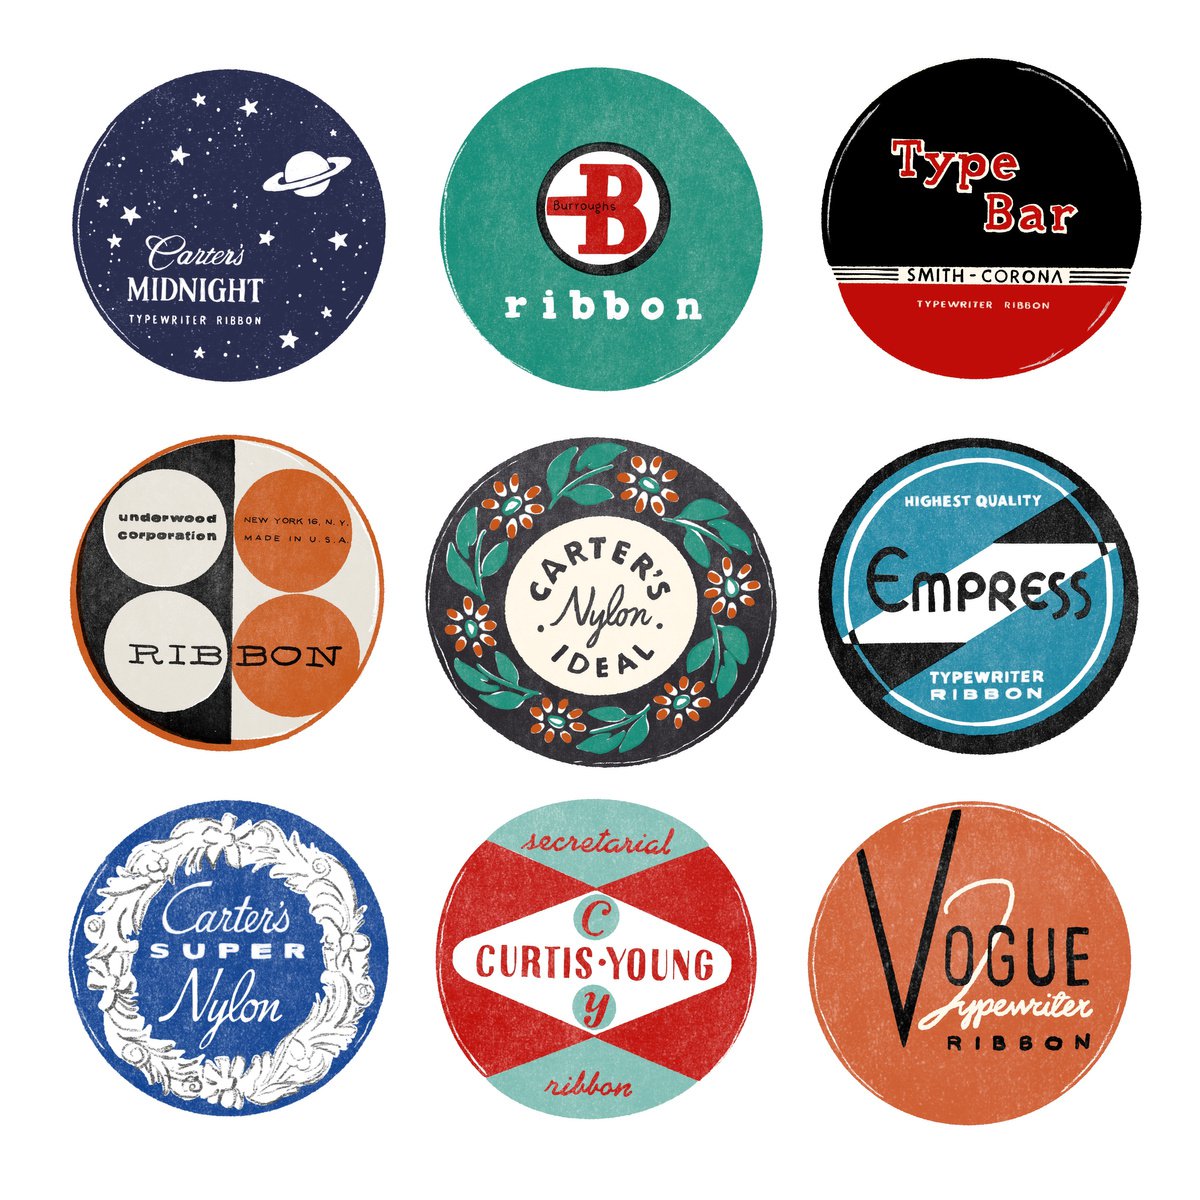 Typewriter Ribbon Tins- limited-edition, giclee print by Design Smith
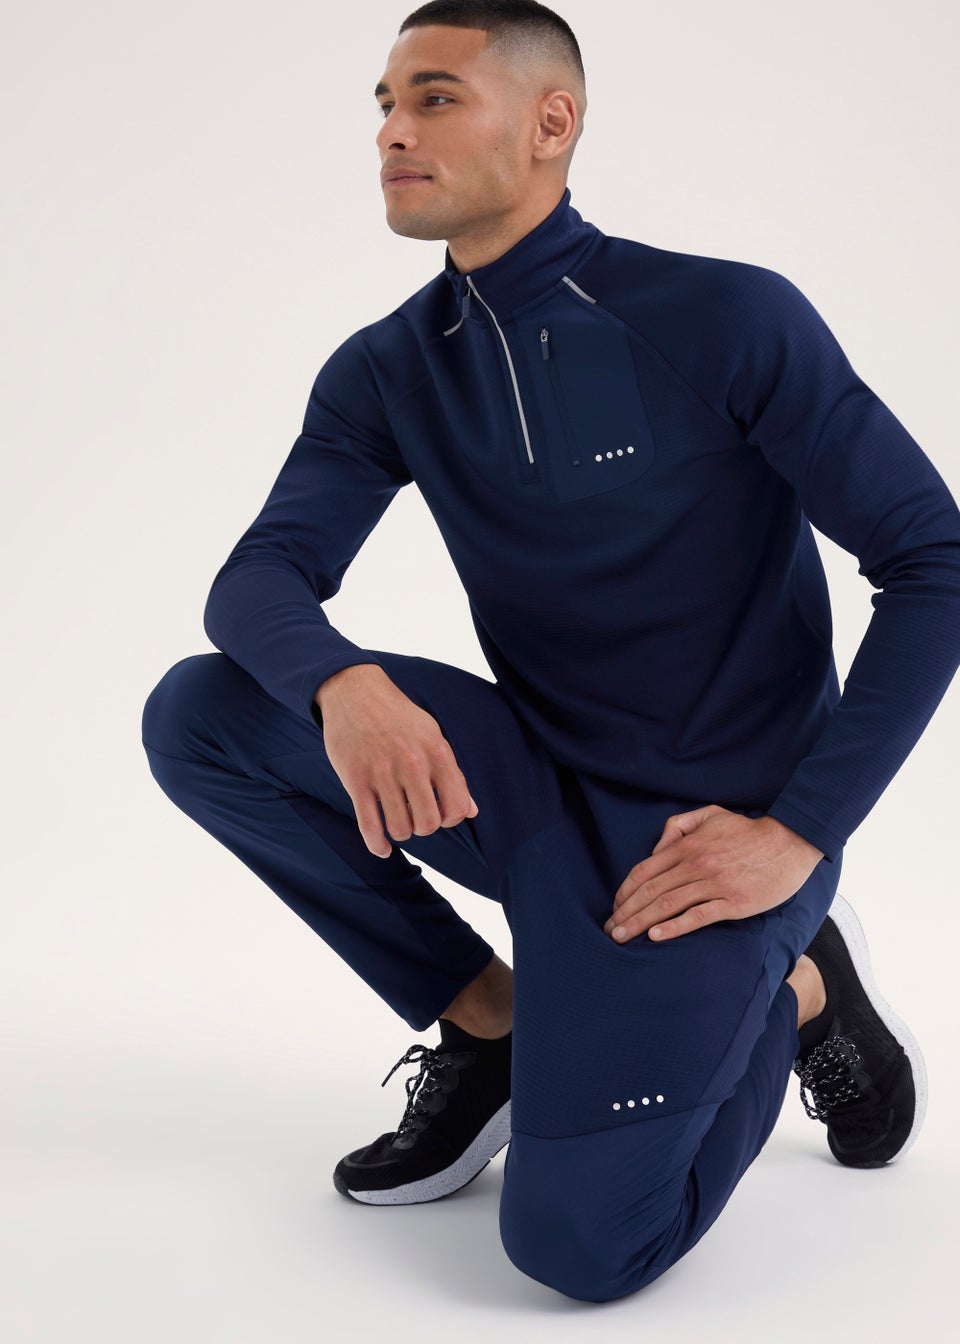 Souluxe Navy Panel Sports Joggers
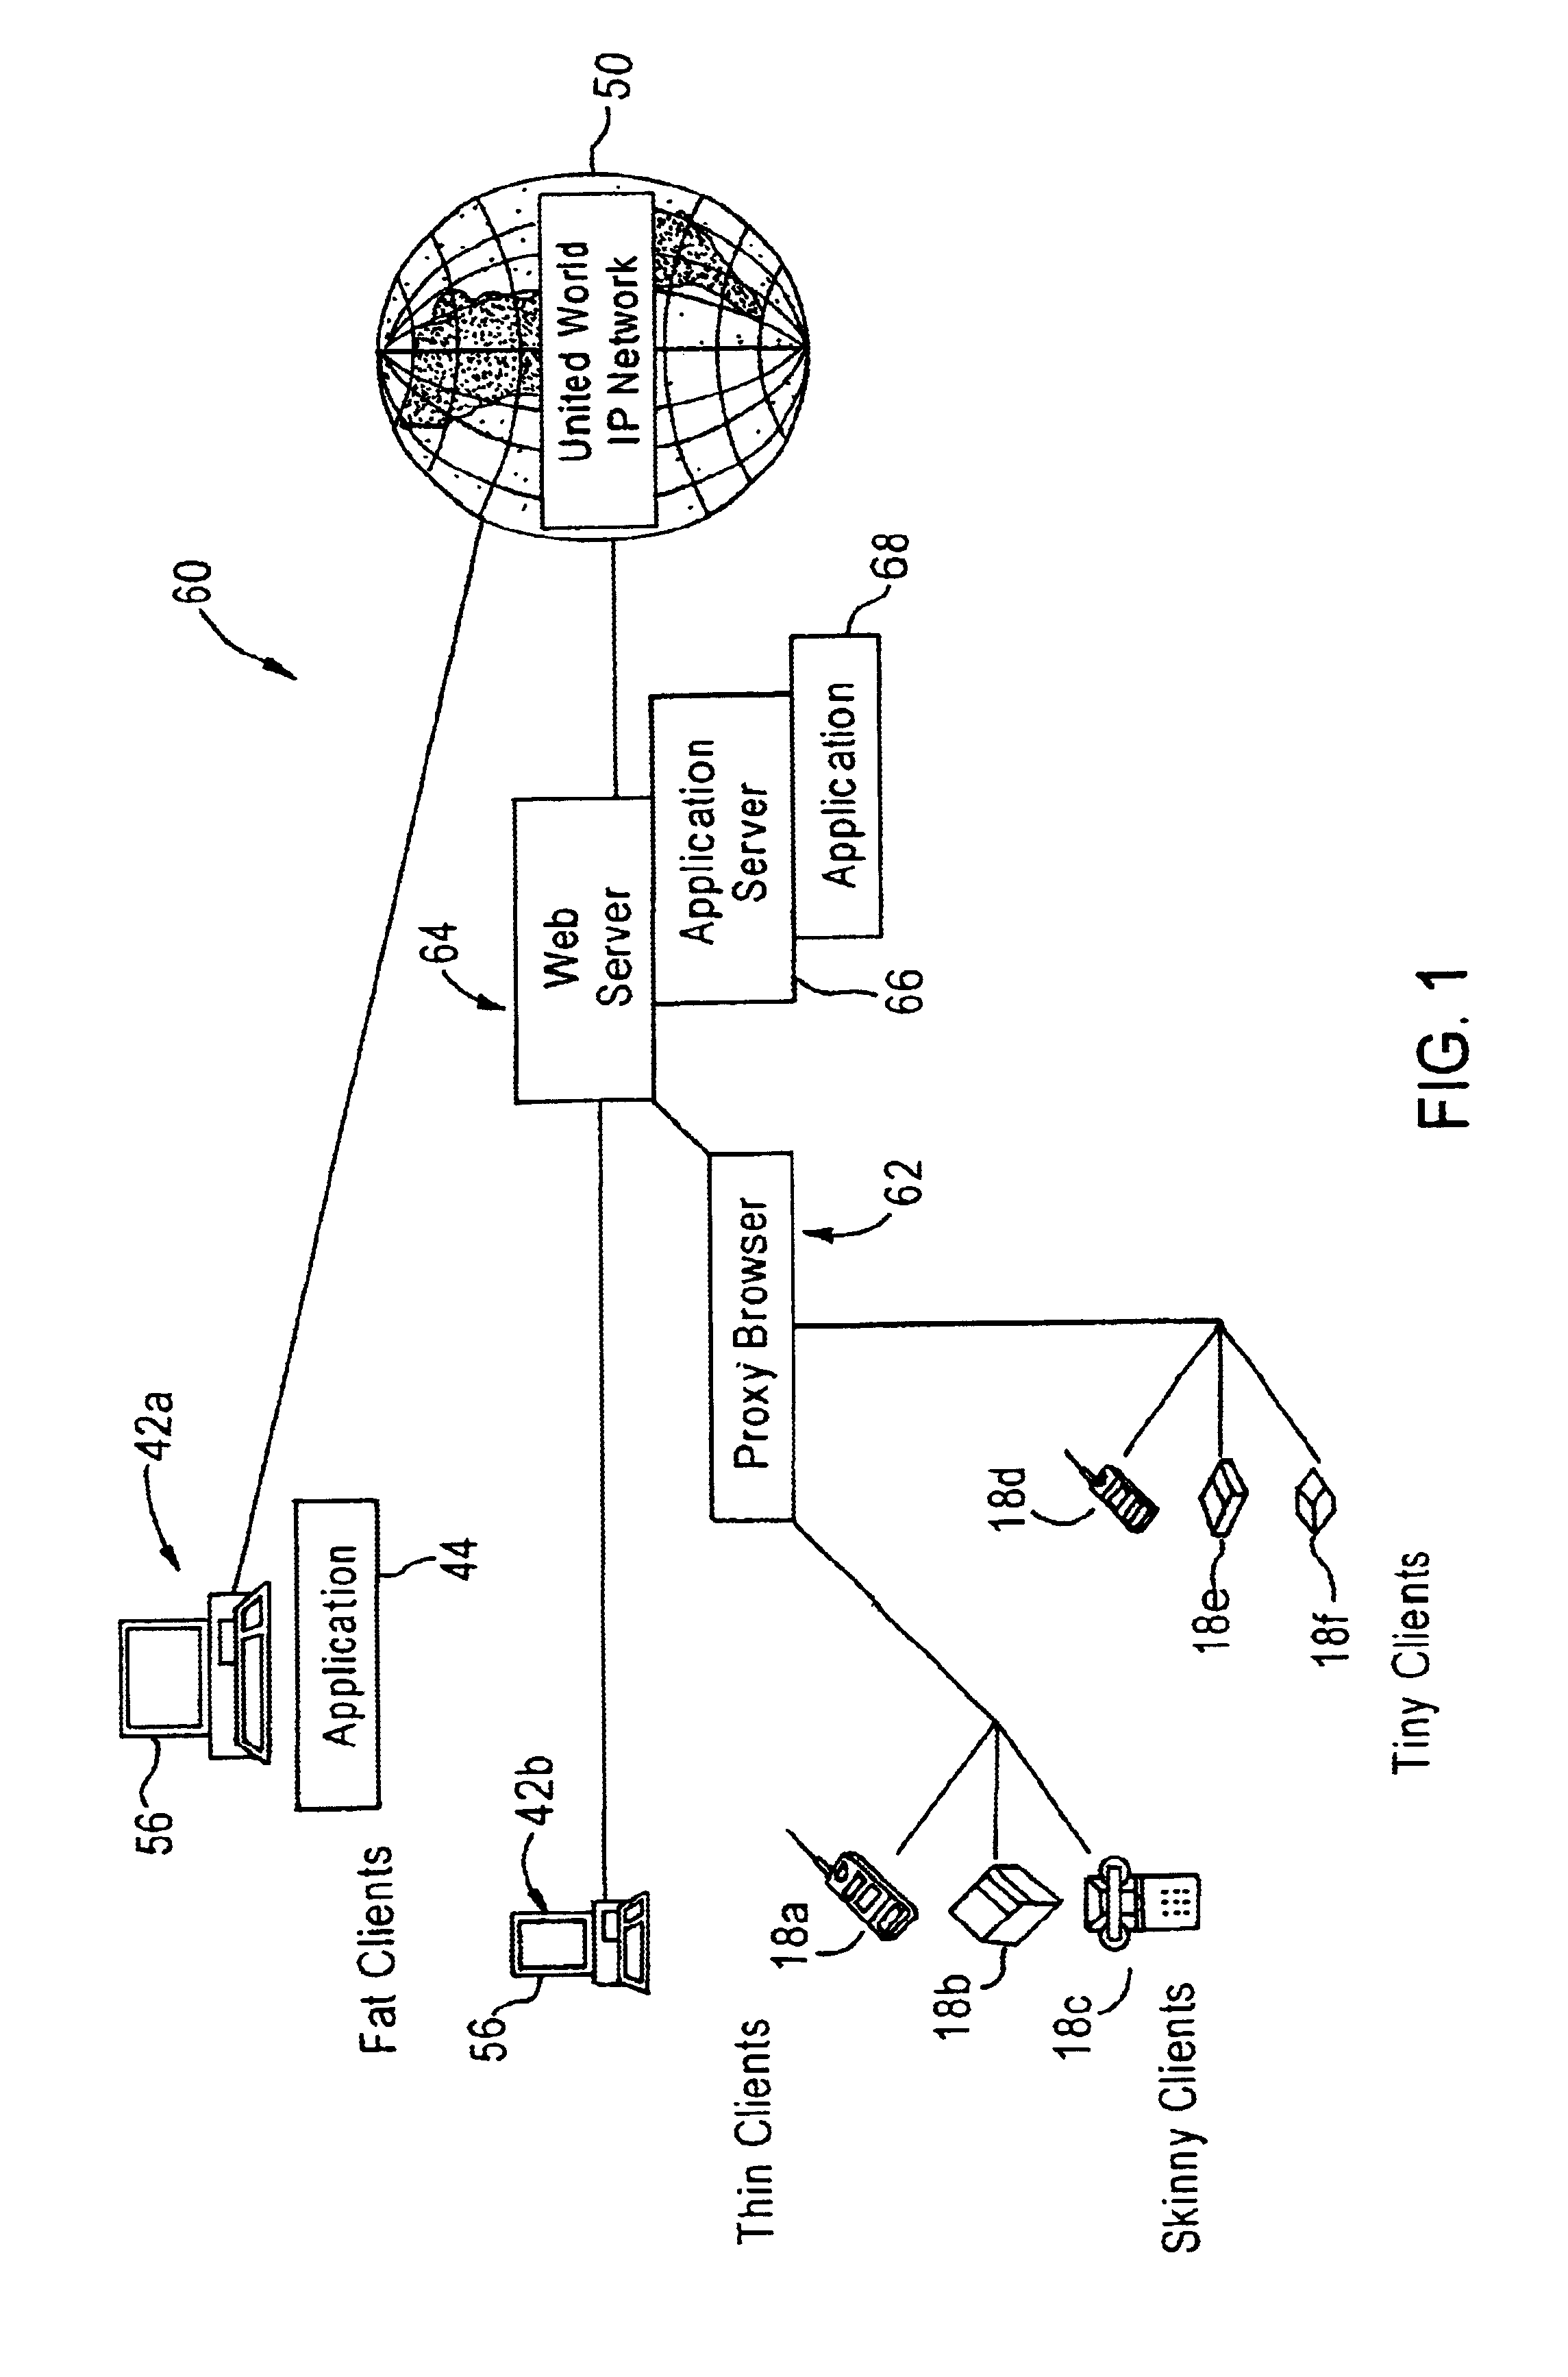 Apparatus and method for providing server state and attribute management for multiple-threaded voice enabled web applications
------------------------------------------------
The line containing "Souluxe Navy Panel Sports Joggers" marks the start: set down exactly that line and every line after it through the last line of the data, without any pictures.

 Souluxe Navy Panel Sports Joggers
 Apparatus and method for providing server state and attribute management for multiple-threaded voice enabled web applications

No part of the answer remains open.